Re: i am tired of explaining
Quote:
Originally Posted by whatsupwithat
i've brought this up before on this board and we didn't get anywhere...but here i am again repeating to you what has become a standard interaction for me with people outside the trans community.
my sister was in the city today and we had lunch. my family has always known of my sexuality and i've always introduced to them any trans women i was dating and serious about. they've also met many of my trans friends and we've all hung out together numerous times. they've always been supportive and i didn't think it was an issue. well, today, i learned that my sister was a little confused about who i am...sexually...and it became an issue.
the topic of my sexuality came up when my sister mentioned that my nieces and nephews has been texting each other back and forth lately about an interview i did where i discussed my sexual preference and my history in the trans community. apparently, they were confused as to my sexuality and when one of them asked their mother, my sister, she didn't know how to answer. she asked me.

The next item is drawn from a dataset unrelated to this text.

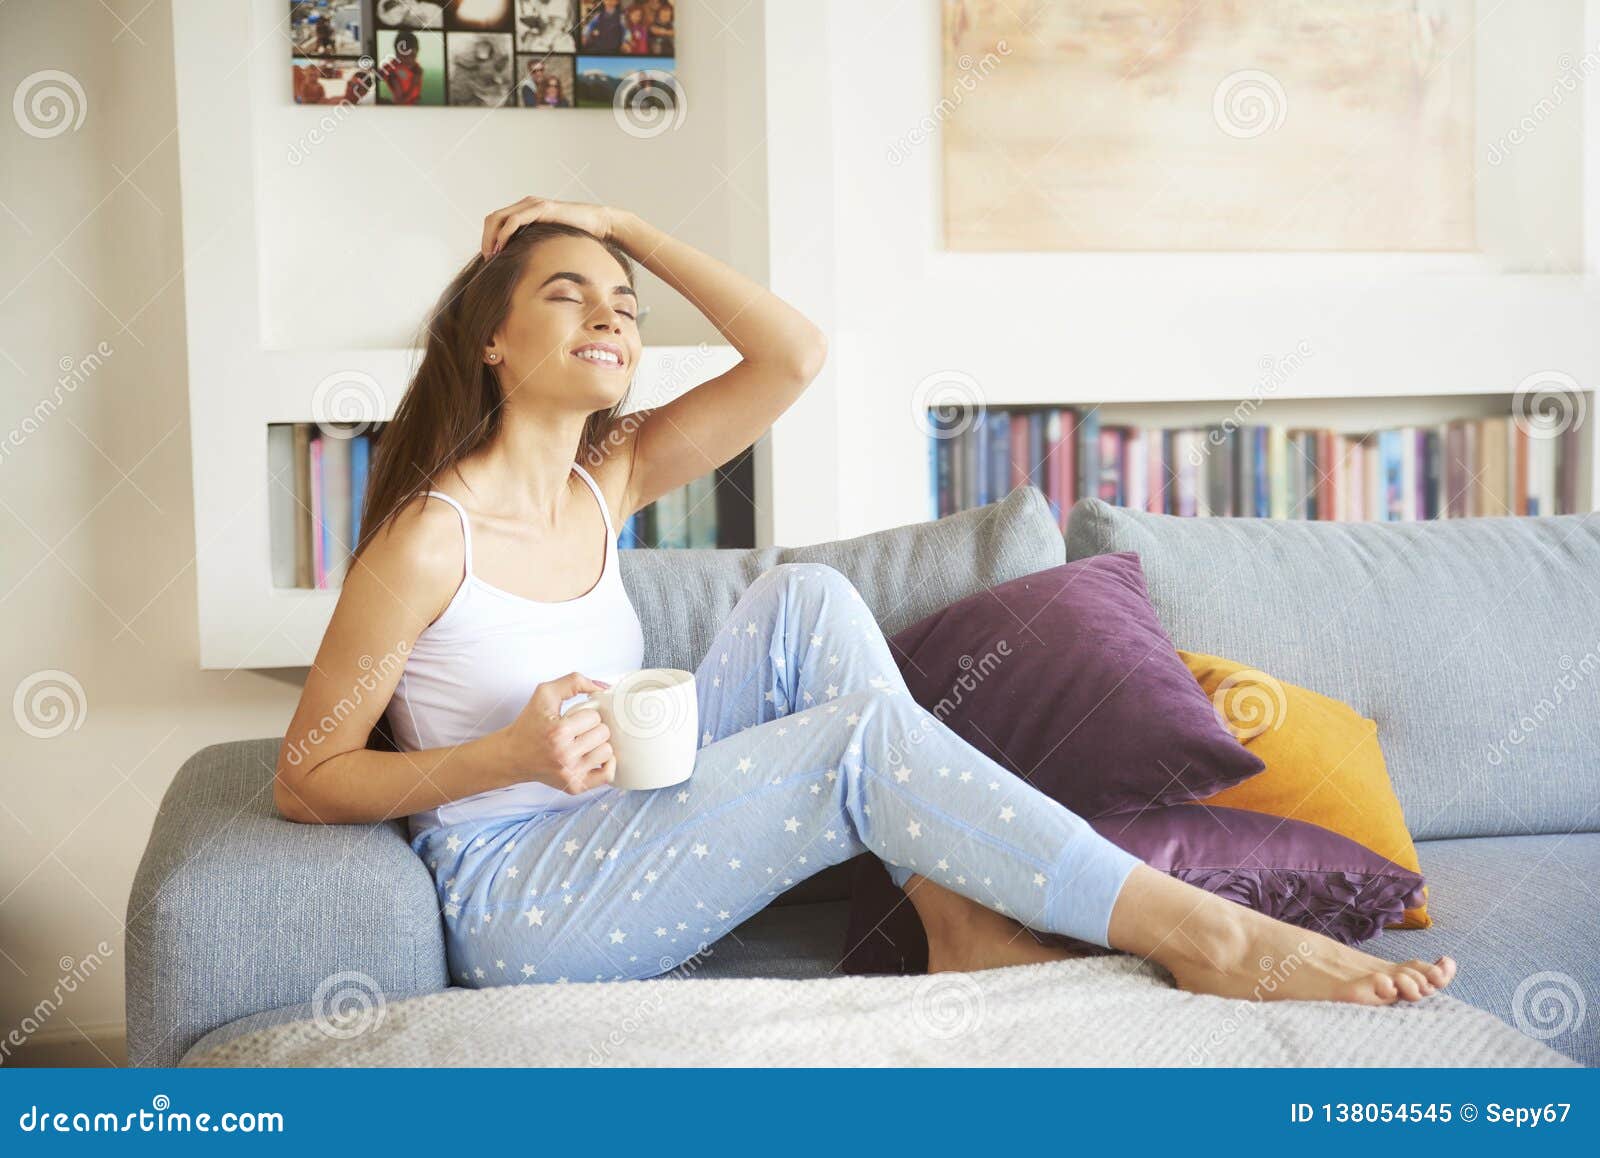 Young Woman Relaxing On Sofa Early Morning Stock Image Image Of Adult

SIS: "So, you're gay." (lol, i know, i know, i laughed too)
ME: "No. I experimented with men in the past when i was younger, but it wasn't for me. Never liked it."

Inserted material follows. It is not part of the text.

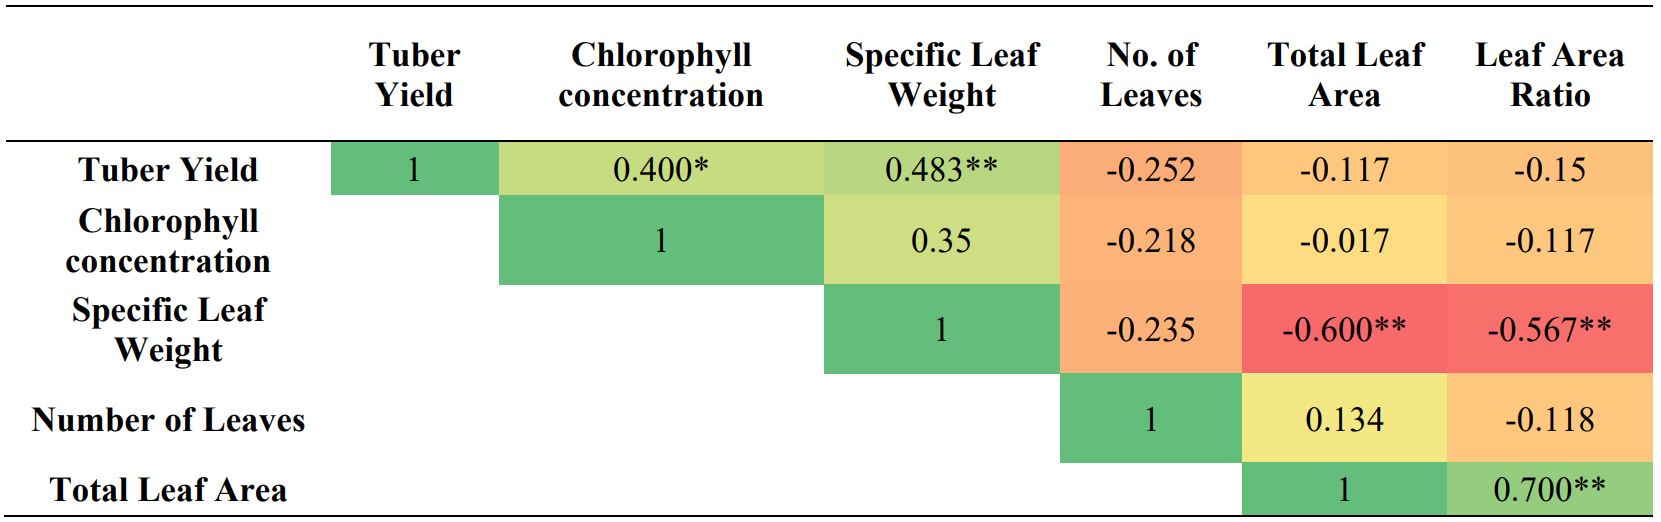 Correlations analysis of chlorophyll concentration with potato tuber analysis

SIS: "Then, you're bisexual."
ME: "No."
SIS: "You're not straight."
ME: "No."
(long pause)
SIS: "Then, what are you?"
ME: "There's no name for men like me."
SIS: "Nothing?"
ME: "Well, there are medical terms which are negative. There are terms used by some of the trans women which are negative. Some guys call themselves straight, others call themselves bi. But as for a definitive term...nothing. I've started calling myself transsexual. I think the term transsexual was misappropriated back in the day when they didn't understand too much...not that it has changed all that much out there. There's heterosexual, bisexual, and homosexual which apply to sexuality, right? Trans is a bigger issue, not a sexual one. It's about the sex, who trans people are intrinsically, inside. It's not about sexuality. For me, it's about sexuality. It's my sexuality. So, if i liked women, I'd be heterosexual....men, homosexual...both men and women, bisexual...but transsexual...do you see what I'm saying?"
SIS: "So..."
ME: "Yeah. Exactly."
being open about who i am has led me to have zillion and conversations like this....and not just with family. business people, clergy, friends, acquaintances...the list goes on and on. oh, i could take the buddhist route and say, "it just is", but i think the world at large, society needs something more to hang their hat on. it's a fact that we, as human beings, communicate by words. we understand concepts through them. i'm just tired of explaining. i really am.
DOOOOD, you need to get laid.
Why do you set yourself up to get wound up by someone else's curiosity?
I think you take yourself way too seriously. Get a girlfriend and find a way to burn some of that pent up angst.